What are the nurse assessments for a patient having a emergency c-section ?

What are the nurse assessments for a patient having a emergency c-section ?

Preoperative Assessments

 Maternal Vital Signs:

 

 Blood Pressure: Intramuscular, changes in blood pressure due to particular personality such as hypertensive or hypotensive patients should be noted because it affects anaesthesia and surgery operations.

 Heart Rate: We also need to observe fluctuations in the rhythm; we can either face tachycardia or bradycardia, sometimes, this is connected with stress, sometimes, it indicates some certain conditions.

 Temperature: It should be within normal limits, should it not be, because it affects the occurrence of fever complications.

 Fetal Heart Rate:

 

 Monitoring: Oversleeping or constant monitoring of fetal stress or abnormal heart rate that may in turn prompt some action.

 Labor Progress:

 

 Cervical Dilation and Effacement: Identify the level and status of the completed labor also whether there is a problem with the labor.

 Contractions: control the speed and pressure of the contractions.

 Pain Assessment:

 

 Pain Level: Examine the resident’s pain level and if there is, administer any pain medication as may be required.

 Laboratory Tests:

 

 Blood Work: Ensure patient has had CBC, type cross match and any other tests that the patient may require.

 Consent and Education:

 

 Informed Consent: Determine whether the patient agreed to have the operation done, more so for the C-sections.

 Patient Education: s: Inform concerning the surgical procedure, possible complications and the care to be provided to the patient and or the family after surgery.

 Preoperative Preparation:

 

 Preoperative Medications: Take any prophylactic antibiotics, antacids or any other medicines that surgeon may advice you to take.

 Fasting Status: See that the patient has complied with the fasting rules that are usually a prerequisite before any investigation is done.

 Intraoperative Assessments

 Anesthesia Monitoring:

 

 Vital Signs: He/She should also be monitoring the patent’s magnetic vital signs during the surgery.

 Level of Consciousness: Tend to the patient, ensure that the patient is put to sleep so that the procedure is as smooth as could be.

 Surgical Site:

 

 Site Inspection: This area and any other problems or complications that may arise should be checked at the operation area.

 Fetal Monitoring:

 

 Heart Rate: The women should be supervised for fetal heart rate tracing throughout the session, so making a diagnosis of the status of the fetus can be made.

 Fluid Balance:

 

 Intravenous Fluids: Ensure that the patients intake and output balance do not arise to hypo or hyper hydration or any other complications.

 Postoperative Assessments

 Maternal Vital Signs:

 

 Blood Pressure, Heart Rate, Temperature: Use success rate for any sign of complication including bleeding or infection.

 Pain Management:

 

 Pain Assessment: Admit patient to the hospital to assess pain and to adjust the dosage, if required.
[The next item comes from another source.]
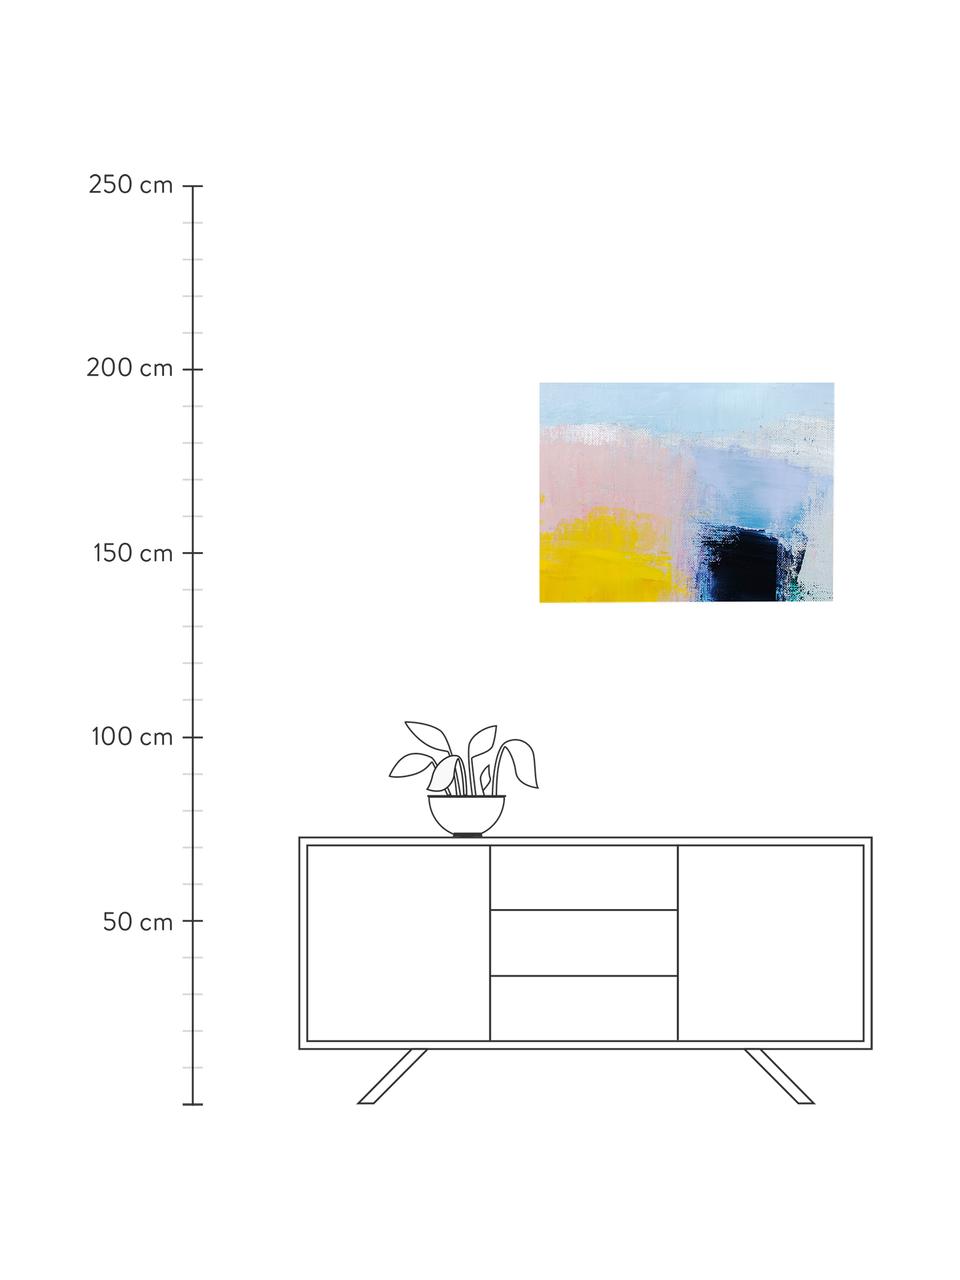 Impression sur toile Abstract Art, Multicolore, larg. 80 x haut. 60 cm

 Incision Site: Slap: increase wound dimensions, redness, swelling and foul smelling dehiscience; hematoma: any swelling over the closed surgical wound.

 Uterine Tone:

 

 Fundal Assessment: Light touching of the fundus to ensure that it has contracted well so as to prevent post partum hemorrhage.

 Lochia:

 

 Lochia Assessment: Protocol two: Monitor quantity, colour and nature of lochiae in order to identify and compare them with appropriate postnatal progress.

 Postoperative Bleeding:

 

 Assessment: Check increased amount of blood loss or foul smell as a complication of the process.

 Mobility and Activity:

 

 Early Ambulation: For: Encourage and assess early mobilization since this will assist in minimizing such contributors as formation of DVT.

 Breastfeeding Support:

 

 Lactation: Breast feeding should also be discussed and ensure that patient does know how to breast feed because if she had an emergency C-section she may need some assistance.

 Emotional Support:

 

 Mental Health: Give support and ask about PPD or PAT

Many bacteria and archaea are facultative anaerobes, meaning they can switch between aerobic respiration and anaerobic pathways

Many bacteria and archaea are facultative anaerobes, meaning they can switch between aerobic respiration and anaerobic pathways (fermentation or anaerobic respiration) depending on the availability of oxygen. This approach allows lets them get more ATP out of their glucose molecules when oxygen is aroundsince aerobic cellular respiration makes more ATP than anaerobic pathwaysbut to keep metabolizing and stay alive when oxygen is scarce.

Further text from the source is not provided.